Symbols begin with a non-numeric character and can contain alphanumeric characters and . * + ! - _ ?. If - or . are the first character, the second character must be non-numeric. Additionally, : # are allowed as constituent characters in symbols but not as the first character.

/ has special meaning in symbols. It can be used once only in the middle of a symbol to separate the prefix (often a namespace) from the name, e.g. my-namespace/foo. / by itself is a legal symbol.

keywords

Keywords are identifiers that typically designate themselves. They are semantically akin to enumeration values. Keywords follow the rules of symbols, except they can (and must) begin with a colon, e.g. :fred or :my/fred. If the target platform does not have a keyword type distinct from a symbol type, the same type can be used without conflict, since the mandatory leading : of keywords is disallowed for symbols..

integers

Integers consist of the digits 0 - 9, optionally prefixed by - to indicate a negative number. An integer can have the suffix N to indicate that arbitrary precision is desired.

floating point numbers

64-bit (double) precision is expected.

floating-point-number
  int frac
  int exp
  int frac exp
int
  digit
  1-9 digits 
  - digit
  - 1-9 digits
frac
  . digits
exp
  ex digits
digits
  digit
  digit digits
ex
  e
  e+
  e-
  E
  E+
  E-

In addition, a floating-point number may have the suffix M to indicate that exact precision is desired.

lists

A list is a sequence of values. Lists are represented by zero or more elements enclosed in parentheses (). Note that lists can be heterogeneous.

(a b 42)

vectors

A vector is a sequence of values that supports random access. Vectors are represented by zero or more elements enclosed in square brackets []. Note that vectors can be heterogeneous.

[a b 42]

maps

A map is a collection of associations between keys and values. Maps are represented by zero or more key and value pairs enclosed in curly braces {}. No semantics should be associated with the order in which the pairs appear.

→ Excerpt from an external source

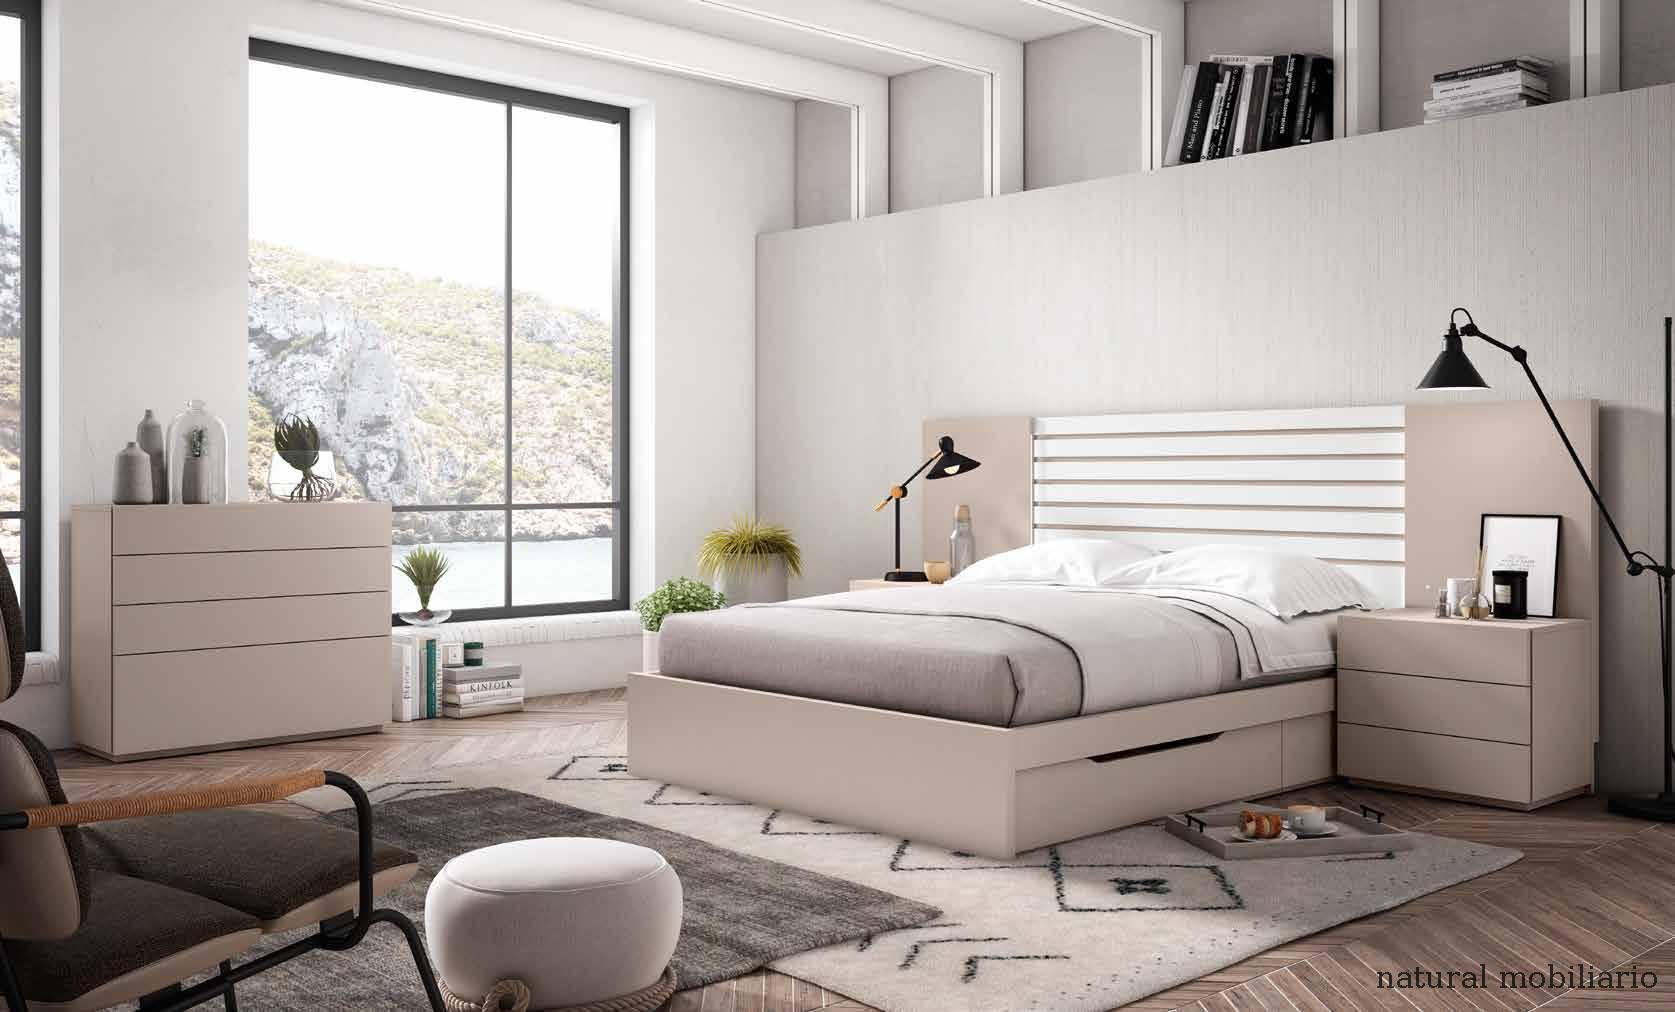 Muebles Modernos chapa sintética/lacados Boho dormitorio moderno

{:a 1, "foo" :bar, [1 2 3] four}

Note that keys and values can be elements of any type. The use of commas above is optional, as they are parsed as whitespace.

sets

A set is a collection of unique values. Sets are represented by zero or more elements enclosed in curly braces preceded by # #{}. Note that sets can be heterogeneous.

#{a b [1 2 3]}

Tagged elements

edn supports extensibility through a simple mechanism. Symbols prefixed by # are designated as tags. A tag indicates the semantic interpretation of the following element. It is envisioned that a reader implementation will allow clients to register handlers for specific tags. Upon encountering a tag, the reader will first read the next element, then pass the result to the corresponding handler for further interpretation, and the result of the handler will be the data item yielded by the tag + tagged element. This will bottom out on elements either understood or built-in.

Thus you can build new distinct readable elements out of (and only out of) other readable elements, keeping extenders and extension consumers out of the text business.

The semantics of a tag, and the type and interpretation of the tagged element are defined by the steward of the tag.

#myapp/Person {:first "Fred" :last "Mertz"}

If a reader encounters a tag for which no handler is registered, the implementation can either report an error, call a designated 'unknown element' handler, or create a well-known generic representation that contains both the tag and the tagged element, as it sees fit.

Rules for tags

Tag symbols without a prefix are reserved by edn for built-ins defined using the tag system.

User tags must contain a prefix component, which must be owned by the user (e.g. trademark or domain) or known unique in the communication context.

A tag may specify more than one format for the tagged element, e.g. both a string and a vector representation.

Built-in tagged elements

#inst "rfc-3339-format"

An instant in time. The tagged element is a string in RFC-3339 format, with the additional enhancement that any component on the right-hand side may be elided, and will default to 0 (1 for month/day).

#inst "1985-04-12T23:20:50.52Z" or #inst "1985-04-12" (midnight UTC)

#uuid "f81d4fae-7dec-11d0-a765-00a0c91e6bf6"

A UUID. The tagged element is a canonical UUID string representation.